From: Igor Mammedov <imammedo@redhat.com>
To: Dongli Zhang <dongli.zhang@oracle.com>
Cc: "Michael S. Tsirkin" <mst@redhat.com>,
"Rafael J. Wysocki" <rafael@kernel.org>,
linux-kernel@vger.kernel.org, linux-acpi@vger.kernel.org,
linux-pci@vger.kernel.org, lenb@kernel.org, bhelgaas@google.com,
mika.westerberg@linux.intel.com, boris.ostrovsky@oracle.com,
joe.jin@oracle.com, stable@vger.kernel.org,
Fiona Ebner <f.ebner@proxmox.com>,
Thomas Lamprecht <t.lamprecht@proxmox.com>
Subject: Re: [RFC 2/2] PCI: acpiphp: slowdown hotplug if hotplugging multiple devices at a time
Date: Wed, 3 Jan 2024 10:54:58 +0100 [thread overview]
Message-ID: <20240103105458.1f548f33@imammedo.users.ipa.redhat.com> (raw)
In-Reply-To: <a8db0ed6-05f4-7c2d-c63e-5f2976d25a45@oracle.com>
On Wed, 13 Dec 2023 09:09:18 -0800
Dongli Zhang <dongli.zhang@oracle.com> wrote:
> Hi Igor,
>
> On 12/13/23 08:54, Michael S. Tsirkin wrote:
> > On Wed, Dec 13, 2023 at 05:49:39PM +0100, Igor Mammedov wrote:
> >> On Wed, Dec 13, 2023 at 2:08 PM Rafael J. Wysocki <rafael@kernel.org> wrote:
> >>>
> >>> On Wed, Dec 13, 2023 at 1:36 AM Igor Mammedov <imammedo@redhat.com> wrote:
> >>>>
> >>>> previous commit ("PCI: acpiphp: enable slot only if it hasn't been enabled already"
> >>>> introduced a workaround to avoid a race between SCSI_SCAN_ASYNC job and
> >>>> bridge reconfiguration in case of single HBA hotplug.
> >>>> However in virt environment it's possible to pause machine hotplug several
> >>>> HBAs and let machine run. That can hit the same race when 2nd hotplugged
> >>>> HBA will start re-configuring bridge.

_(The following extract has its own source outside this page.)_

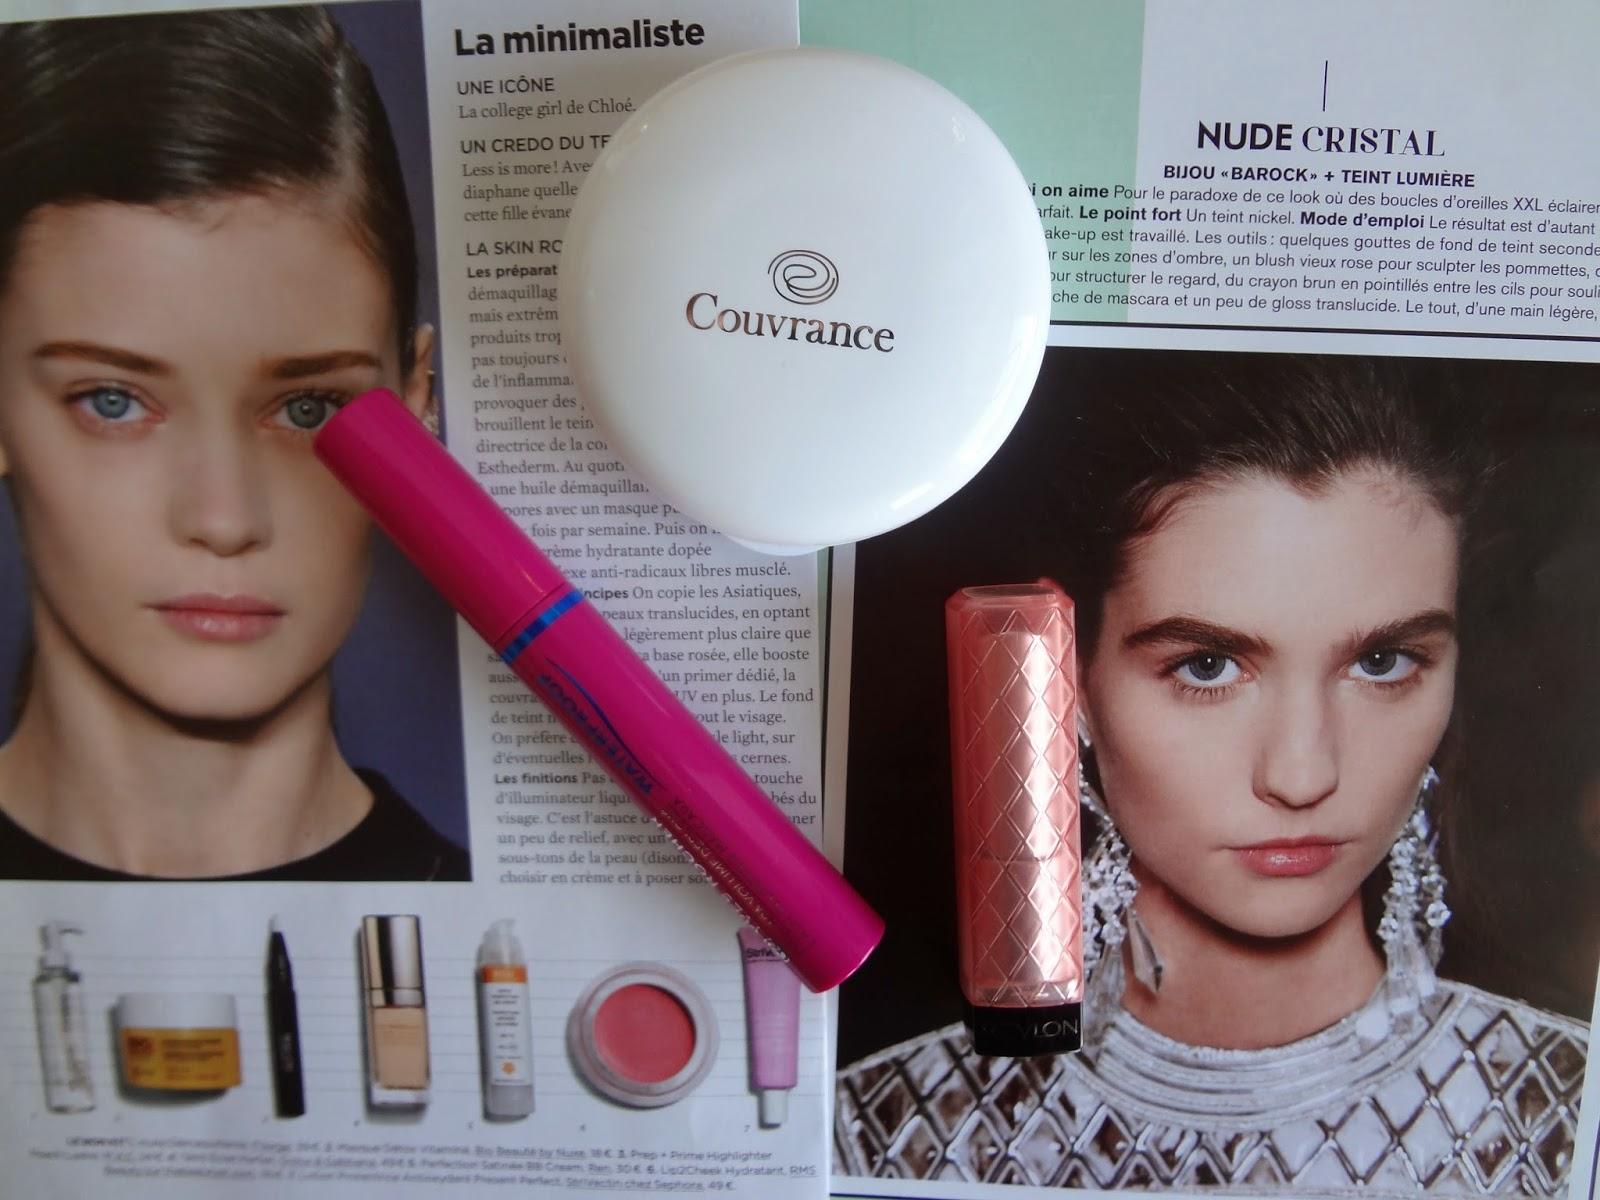 routine-make-up-maquillage-simple-facile-couvrance-avene-oil-free-compact-fond-teint-foundation-naturel-mascara-waterproof-yves-rocher-volume-deploye-revlon-lipbutter-peach-parfait-baume-teinte-ete-summer

> >>>> Do the same thing as SHPC and throttle down hotplug of 2nd and up
> >>>> devices within single hotplug event.
> >>>>
> >>>> Signed-off-by: Igor Mammedov <imammedo@redhat.com>
> >>>> ---
> >>>> drivers/pci/hotplug/acpiphp_glue.c | 6 ++++++
> >>>> 1 file changed, 6 insertions(+)
> >>>>
> >>>> diff --git a/drivers/pci/hotplug/acpiphp_glue.c b/drivers/pci/hotplug/acpiphp_glue.c
> >>>> index 6b11609927d6..30bca2086b24 100644
> >>>> --- a/drivers/pci/hotplug/acpiphp_glue.c
> >>>> +++ b/drivers/pci/hotplug/acpiphp_glue.c
> >>>> @@ -37,6 +37,7 @@
> >>>> #include <linux/mutex.h>
> >>>> #include <linux/slab.h>
> >>>> #include <linux/acpi.h>
> >>>> +#include <linux/delay.h>
> >>>>
> >>>> #include "../pci.h"
> >>>> #include "acpiphp.h"
> >>>> @@ -700,6 +701,7 @@ static void trim_stale_devices(struct pci_dev *dev)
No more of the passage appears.